A friend of mine just left the world of consulting. I asked him for the biggest change in his thinking, he said:
Something is going to go wrong. It’s not a matter of if, it’s when. When that bad thing goes wrong everything hinges on how you detect and respond to it.
As consultants so much of our job is focused on reducing risk for our clients, but that’s all we can do. We reduce the risk, we can’t take it all away. That means that no matter what we do, or what our clients do, there will always be some risk. On a long enough timescale there is guaranteed to be a breach, data loss, a denial of service, or some other security incident.
When that incident occurs how will you react?
Too often we focus on the response phase, but there are four phases that are important with any incident.
Detection
Do you have the systems in place to detect a breach?

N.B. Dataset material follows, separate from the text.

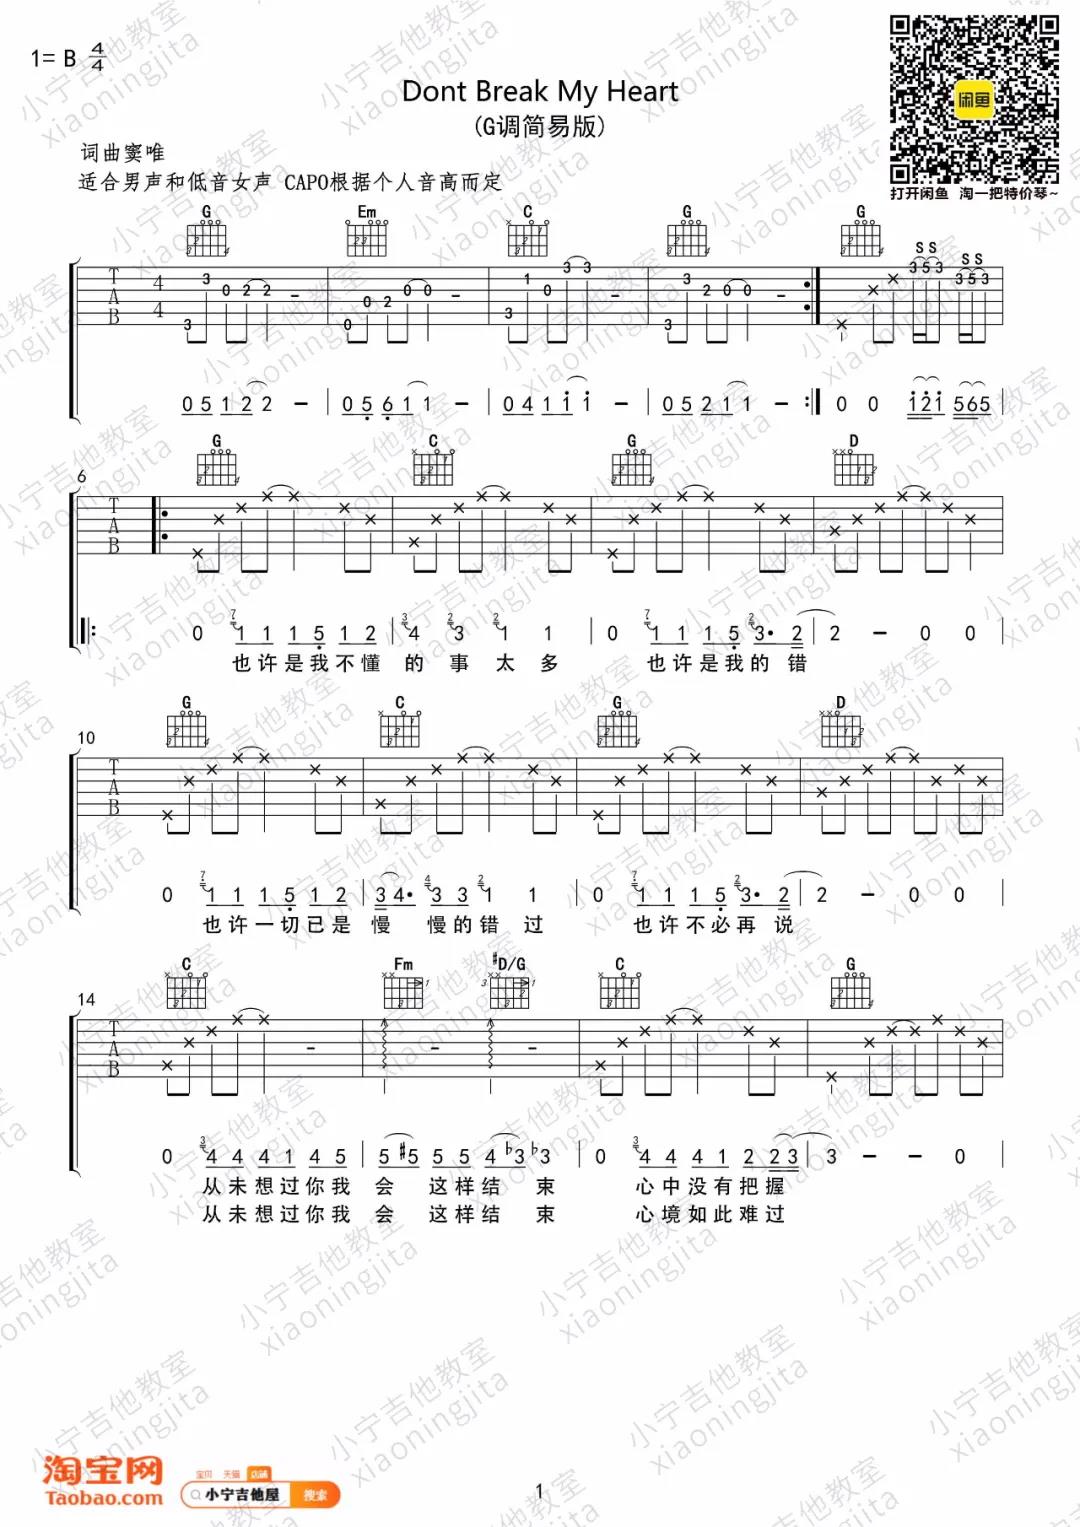 黑豹乐队《Dont Break My Heart》吉他谱(C调)-Guitar Music Score

Many breaches aren’t detected for months after they happen. If an attacker is in your system gaining persistence, exfiltrating data, and setting up back doors for months it will be very, very difficult to evict the attacker from your network. There are a lot of cutting edge solutions out there that attempt to use AI or ML to detect anomalous behavior and some of them are very impressive.
However, I think the best place to start is getting your logging strategy ironed out. I’ve seen too many clients who log everything, but their error rates and warnings are so frequent that they’re all but worthless. Tuning your logs and getting to a point when anomalous behavior is truly anomalous should be your first goal. Once you have that done, strategize other ways of detection: honeypots, IDS systems, are all good ideas, but be sure to match solutions to your organization’s needs.
Response
Once you’ve detected an incident, how will you respond? Each incident will require a different response. Enumerating these potentials and creating playbooks for responses can be invaluable in the time of a crisis. Involve different groups and teams to get their perspective. Carrying out tabletop exercises can be a great way to initiate lines of communication and brainstorm ideal responses to different threats.
Analysis
After the incident it’s time to take stock. Perform a Root Cause Analysis or follow the Five Whys to understand what happened and how it happened. The only thing worse than making a mistake is making the same mistake twice. Analyze your process, response, and detection, not just the root vulnerability the attacker used to breach your systems. You want to learn as much from this incident as possible. This is going to cost you, so make it count. Hopefully, this doesn’t happen often, so squeeze all the lessons you can from this opportunity.
Remediation
Once you understand how the incident happened it is time to put systems in place to reduce the likelihood in the future. This may be patching a system, increasing logging or detection capabilities, adding a tool or appliance, improving your process or communication channels or staffing up the security team.
There are two sides to the security coin. First, we must do everything we can to protect the data that is entrusted to us and to secure our systems and enterprises as well as we can. Second, we must understand that we live in the real world and in that world attackers have an extended timeline they can use to attack our systems. With enough time all systems fail. When those systems fail we must do everything we can do detect, respond, analyze and remediate the issues.